Duck meat, known for its unique sensory properties such as color and flavor, is produced and consumed globally, particularly in Asia. Duck meat is classified as red meat due to its higher red muscle fiber content compared to chicken or turkey meat [7]. Additionally, compared to other meats, duck meat has higher levels of unsaturated fatty acids, such as linoleic acid, linolenic acid, and oleic acid [8]. Some studies have investigated the positive health effects of these fatty acid profiles, including anti-obesity effects through the promotion of lipid metabolism in viscera tissues, and hepatic health effects by inhibiting lipotoxicity in HepG2 cells [9,10]. Thus, nutrient-rich duck meat can be a good dietary choice.
Although the sous-vide method has the aforementioned benefit in meat processing, there is limited scientific information that specifically applies to duck meat. Duck meat, when cooked using the sous-vide method which involves cooking at low temperatures for a prolonged period, is susceptible to lipid oxidation and microbial contamination due to its high content of unsaturated fatty acids. Therefore, it may be beneficial to explore optimal sous-vide cooking methods for duck meat. In this study, we investigated the effects of different cooking temperatures (50°C, 60°C, 70°C, and 80°C) and time (60 and 180 min) on the physicochemical and microbial properties of sous-vide cooked duck breast meat.


Experimental design

Pekin ducks (Anas platyrhynchos) aged 42 days with a bodyweight of 1,400±50 g were slaughtered at a local abattoir. The skin, fat and connective tissues were removed from the breast muscles. Next, the breast muscles were vacuum-packaged in an 80 μm polyethylene vacuum pouch, stored at 4°C, and analyzed within two days. The samples were cooked at 50°C, 60°C, 70°C, or 80°C with cooking time of 60 and 180 min for each temperature. Vacuum-packed duck breasts were heated using a circulating thermostatic water bath (VS-1205SW1-0; Vision Science, Daegu, Korea). All samples were chilled in an ice bath after heating to pass the optimum temperature for microbial growth. Cooked duck breast sample stored at 4°C until further analysis.

Cooking loss

Pre-weighted duck breast meat was vacuum-packed before cooking. Exudative liquid from cooked duck breast samples was removed, and the samples were chilled until approximately 16°C. Chilled and dried samples were weighted 10 times per treatment.

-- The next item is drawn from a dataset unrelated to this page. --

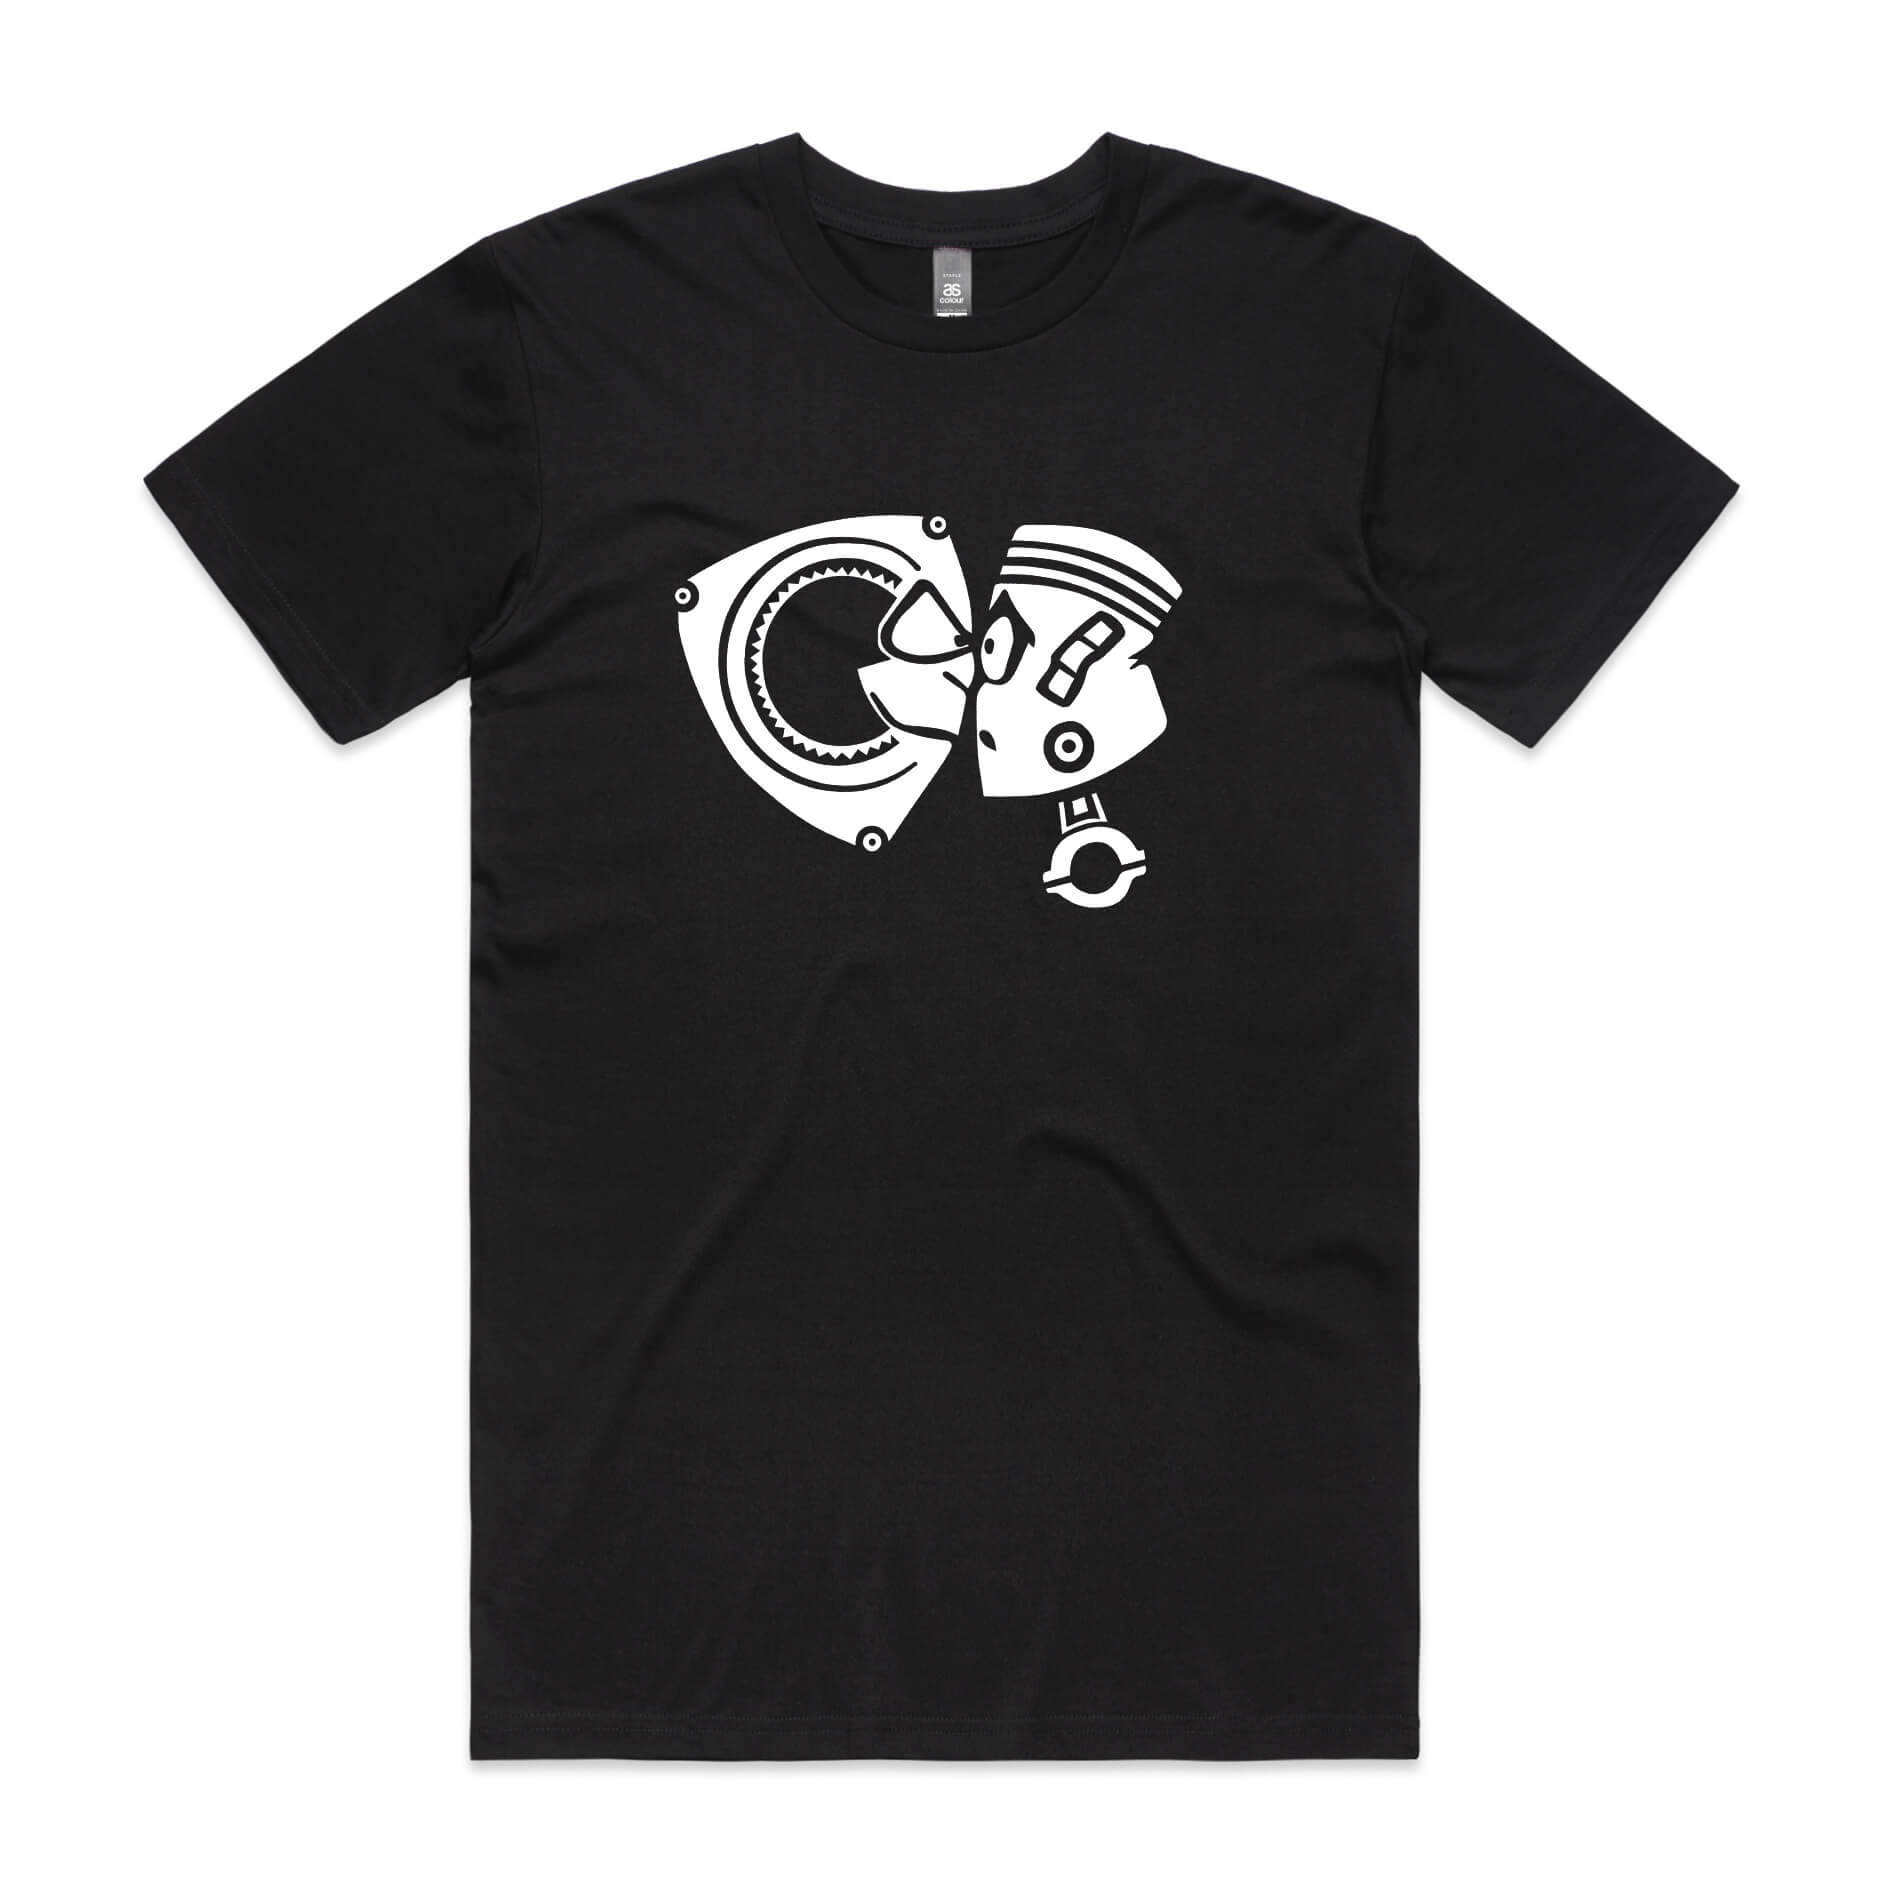 Rotary vs piston t-shirt in black with white cartoon graphic
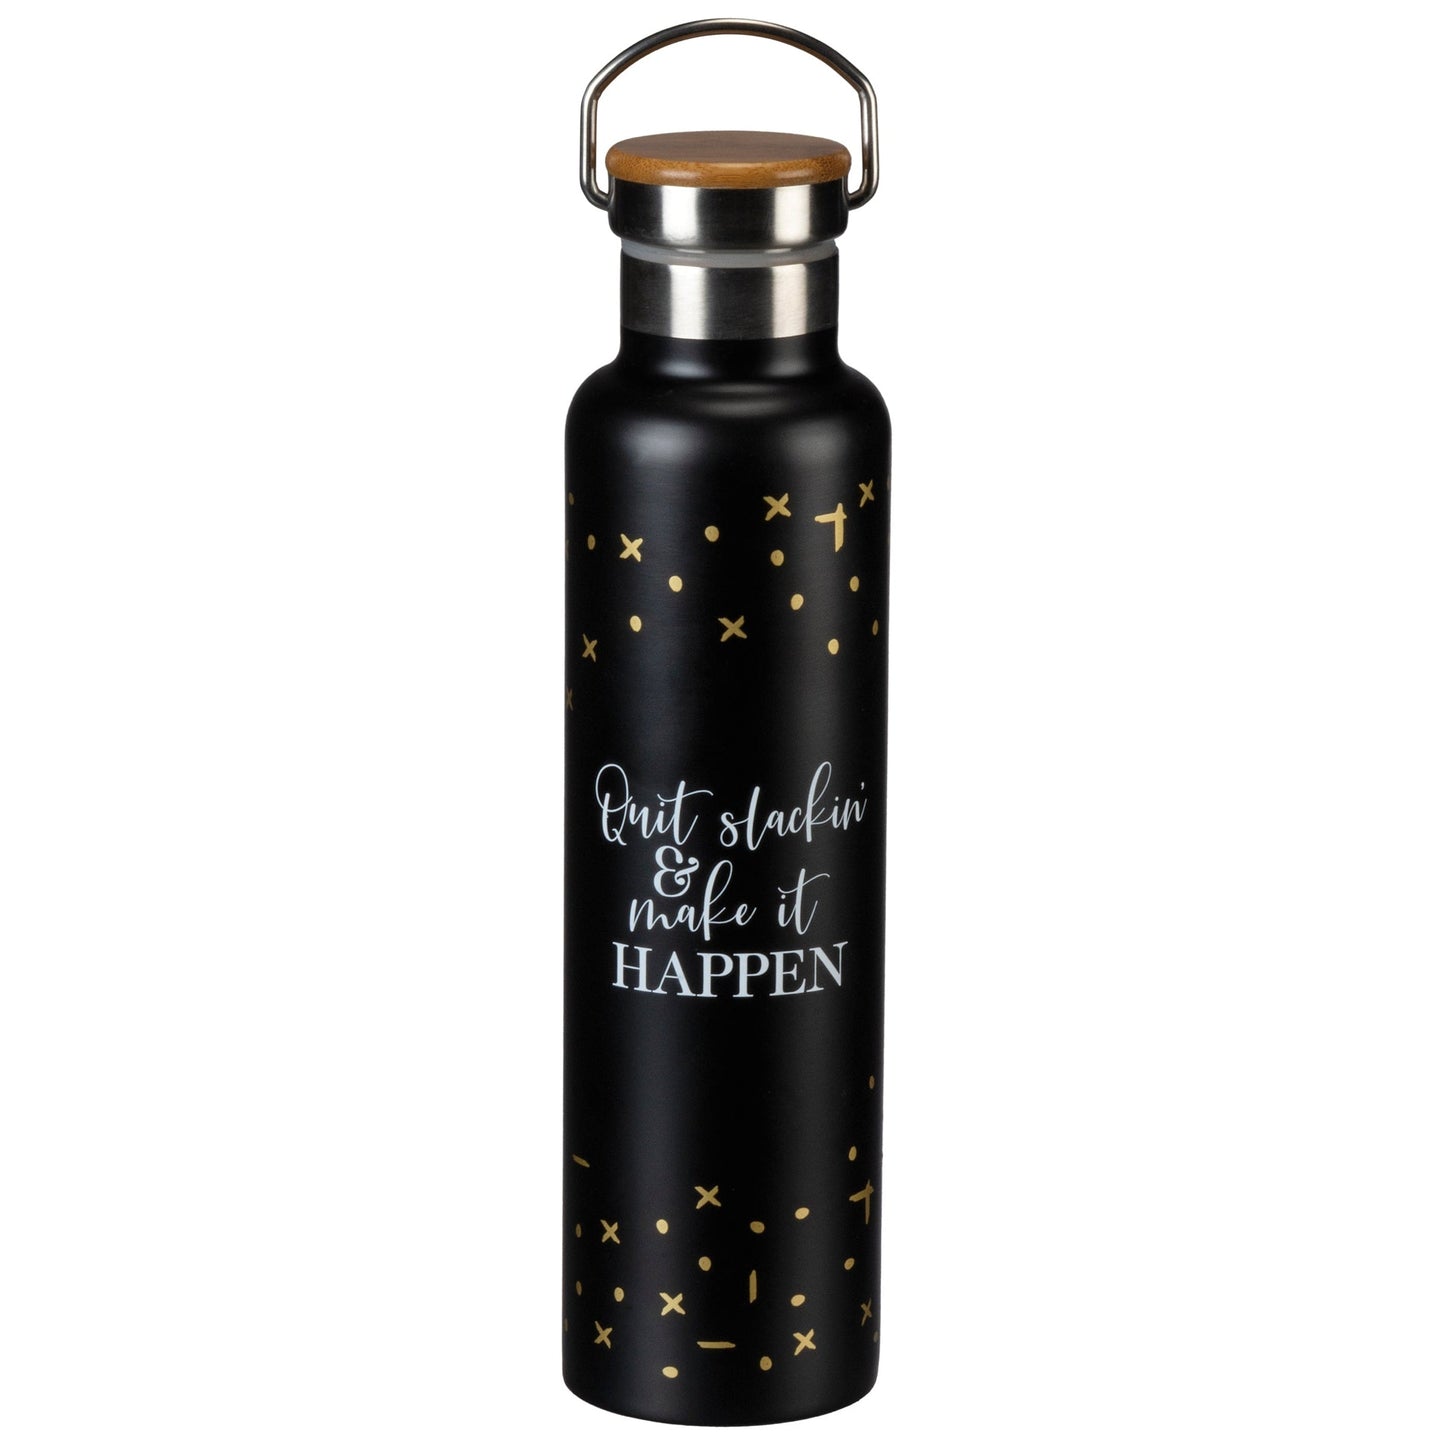 Quit Slackin' & Make It Happen Insulated Water Bottle in Black by The Bullish Store

Cooking loss was calculated by comparing the meat weight before and after sous-vide cooking, as follows:
Cooking loss (%)=[(W0-W1)/W0]×100
where W0 is the weight of raw meat batter (g), and W1 is weight of cooked meat batter (g).

Instrumental color

The color of the duck breast meat was measured on the cutting side of the cooked duck breast using a colorimeter (Minolta Chroma Meter CR-210; Minolta, Tokyo, Japan; Illuminate C, calibrated with a white plate; Y, 93.5; x, 0.3134; y, 0.3197). The color wass described in terms of L* (lightness), a* (redness), b* (yellowness), ΔE (color difference), C* (chroma), H° (hue angle), and whiteness. The ΔE, C*, H°, and whiteness values were calculated using the following equations:
ΔE=[(L-L0)2+(a-a0)2+(b-b0)2]1/2C=[(a)2+(b)2]1/2H°=tan (b/a)Whiteness:100-[(100-L)2+a2+b2]1/2

Thiobarbituric acid reactive substance value

Lipid oxidation was evaluated using the 2-thiobarbituric acid (TBA) method, following the protocols of a previous study with minor modifications [11]. The meat sample (10 g) was homogenized with 50 mL of distilled water at 10,000 rpm for 2 min using a homogenizer (Model AM-7; Nihonseiki Kaisha Ltd., Osaka, Japan). The homogenizer cup and blade were washed with 47.5 mL of distilled water, and the total mixture was transferred to a distillation tube. Next, 2.5 mL of 4 N HCl and 1 mL of antifoam agent (KMK-73; Shin-Etsu Silicone Co., LTD., Seoul, Korea) were added to the mixture in the distillation tube. The mixture was subjected to distillation and 40 mL of the distillate was collected. An aliquot of the distillate (5 mL) was added to a test tube containing 5 mL of 0.02 M TBA in 90% acetic acid (TBA reagent) and mixed using a vortex mixer (Vortex-Genie 2, Bohemia, NY, USA). The tube was sealed with a cap and heated in a water bath at 95°C for 35 min. The samples were then chilled in an ice bath for 10 min. The absorbance of the sample was measured at 538 nm using a UV/VIS spectrophotometer (Optizen 2120 UV Plus; Mecasys Co., Ltd., Daejeon, Korea). The TBA values were expressed as malonaldehyde (MDA) equivalent (mg MDA/kg of sample).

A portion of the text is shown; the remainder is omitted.